Blue felt as if their very presence robbed something from her. They’d made her family dingy just by coming here.
"It is," Maura said, "too damn loud in here." The way she said it, though, holding one finger to her pulse, just under her jawbone, told Blue that it was not their voices that were too loud. It was something she was hearing inside her head. Persephone, too, was wincing.
"Do I need to leave?" Blue asked, though that was the last thing she wanted.
Gansey, misunderstanding, immediately asked her, "Why would you have to leave?"
"She makes things louder for us," Maura said. She was frowning over all of them as if she was trying to make sense of it. "And you three are … very loud already."
Blue’s skin was hot. She could imagine herself heating like an electrical conduit, sparks from all parties traveling through her.
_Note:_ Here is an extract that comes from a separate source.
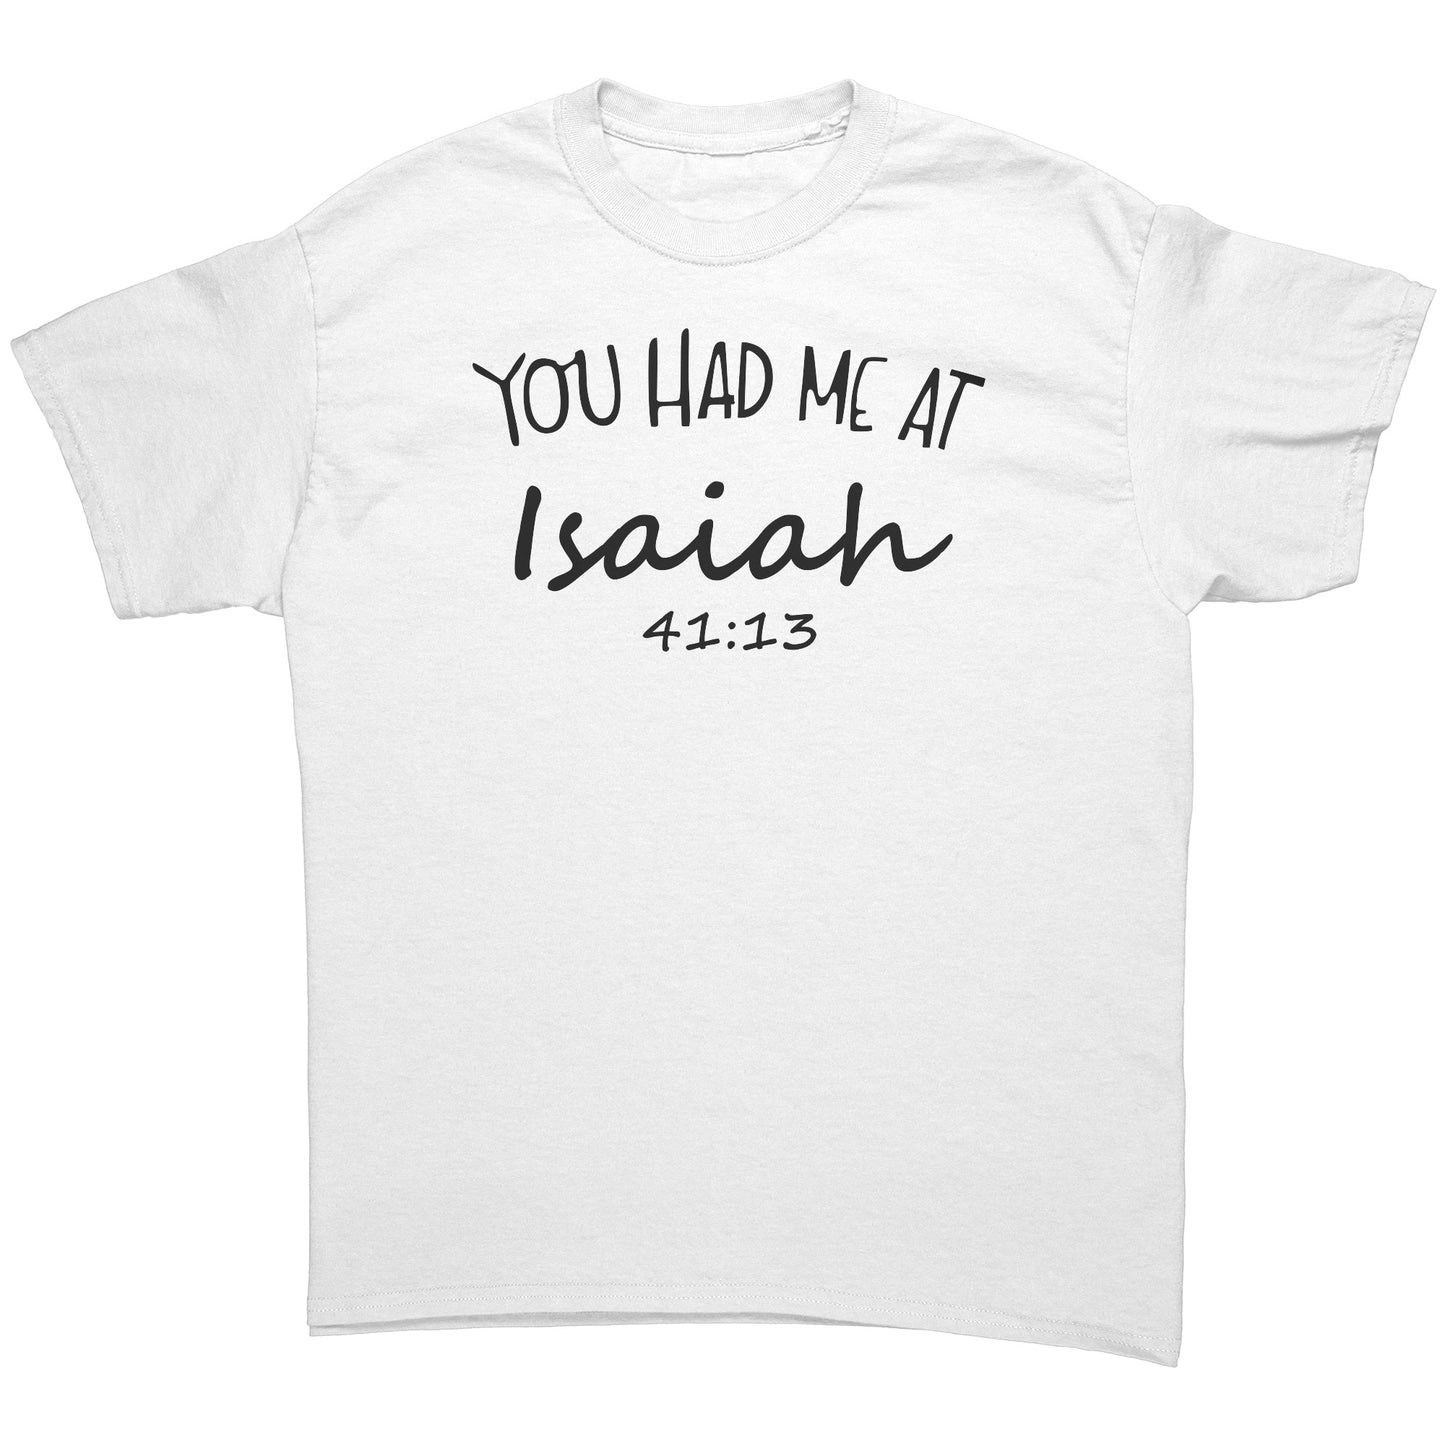 You Had Me At Isaiah 41:13 Men's T-Shirt Part 1

What could these raven boys have going on under their skins that could deafen her mother? Was it all of them in conjunction, or was it merely Gansey, his energy screaming out the count-down to his death?
"What do you mean, very loud?" Gansey asked. He was, Blue thought, very clearly the ringleader of this little pack. They all kept looking to him for their cues of how to interpret the situation.
"I mean that there is something about your energies that is very …" Maura trailed off, losing interest in her own explanation. She turned to Persephone. Blue recognized the look exchanged between them. It was, What is going on? "How do we even do this?"